This thread is inspired by Alessan’s post in the NPR 's top 100 list thread:
[RIGHT](italics added)[/RIGHT]
I’ve decided to test what I’ll dub The Alessan Hypothesis.
So fellow dopers, if forced to choose one single work (no you can’t nominate all of The Demon Princes or the Tales of the Dying Earth or any other of Vance’s series) from Vance’s career which one would you choose and why?
I’ll start by putting up Suldrun’s Garden (the first book of the Lyonesse series). While it suffers from being only the first instalment of a trilogy its merits outweigh this and it gets my vote for the rich setting, well drawn characters and interesting plot.

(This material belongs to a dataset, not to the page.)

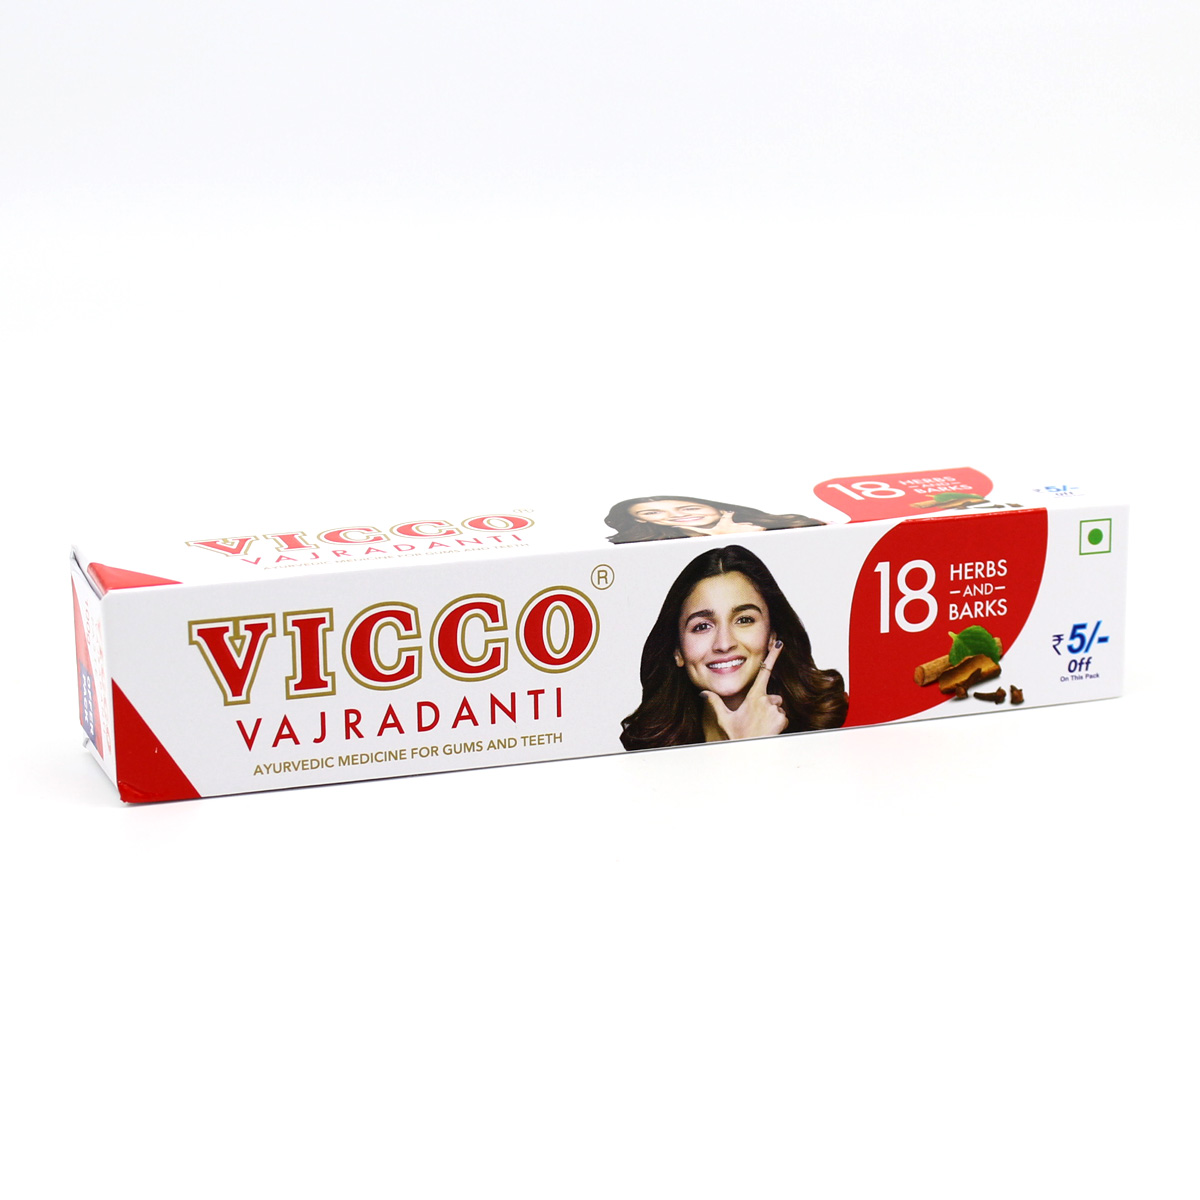 VICCO Vajradanti (Викко Ваджраданти, Аюрведическая зубная паста для зубов и десен), 100 г.

I am very partial to the Lyonesse series myself, but I think The Moon Moth is the quintessential Vance story. It is lyrical, eloquent, intelligent, erudite and exotic and a good mystery as well.
I’ll go with two of the suggestions already put forward.
The Dragon Masters was also my first Vance and I’d nominate it, except it is really more of a novella and in this case I think it suffers as a story just a bit for it. Suldrun’s Garden is a much more developed work and probably the better choice, even the though I have more sentimental attachment to the novella.
City of the Chasch. (Although I like the last, The Pnume better, if only to watch man-of-action Adam Reith attempt to impose his will on the shadowy and elusive Pnume, and for a lovely scene set on a cog during a storm at sea.)
Myself, I’d pick The Dying Earth, although I have a certain fondness for the goofy Showboat World.